Nous ne savons pas encore suffisamment de choses sur ce document pour l’utiliser comme source. La publication exacte reste à authentifier. La date. Le numéro. Le contexte complet de la phrase. Alors il reste hors du récit factuel. Pour l’instant.

C’est une frustration. Mais c’est aussi une règle. Une belle archive ne devient pas vraie parce qu’elle raconte exactement l’histoire que nous aimerions raconter.

Le bon endroit

Il reste alors Robert Herbin. Pas le Sphinx. Pas les poteaux. Pas la statue. Le joueur.

Il a commencé derrière. Jean Snella l’a déplacé au milieu. Il a récupéré. Couru. Marqué. Beaucoup. Batteux l’a fait redescendre. Il est devenu capitaine. Puis, à 33 ans, il a encore changé de place. Quelques mètres. Du terrain au banc. Tout ce qu’il avait accumulé comme joueur pouvait alors servir aux autres.

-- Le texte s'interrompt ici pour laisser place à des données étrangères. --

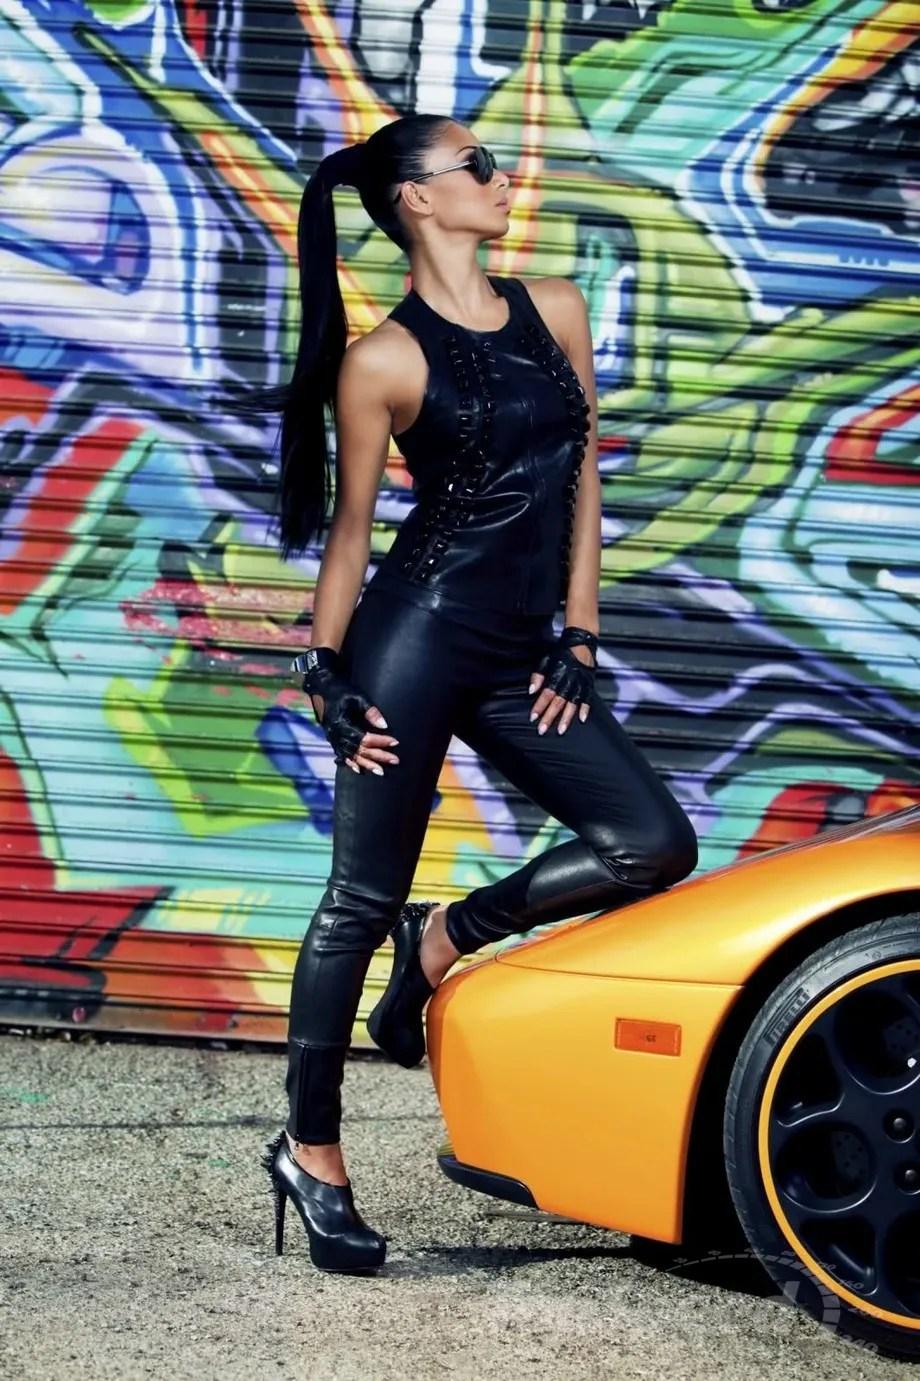 Exotic Car Photos Wallpaper Babes On Wheels Nicole Scherzinger Tames A Lamborghini

Le placement. La répétition. L’effort. La compréhension des rôles. La responsabilité. Et peut-être est-ce cela qui relie le mieux le joueur de Cannes, le capitaine face au Bayern, l’entraîneur de Kiev et l’homme assis à Glasgow.

Pas une formule magique. Pas une révolution tactique que nous aurions découverte cinquante ans après. Une manière de regarder le football. Comprendre ce qu’une situation demande. Puis essayer d’être au bon endroit lorsqu’elle arrive.

Robert Herbin avait passé une grande partie de sa vie à chercher cet endroit. À 33 ans, il en avait trouvé un nouveau. À quelques mètres du terrain.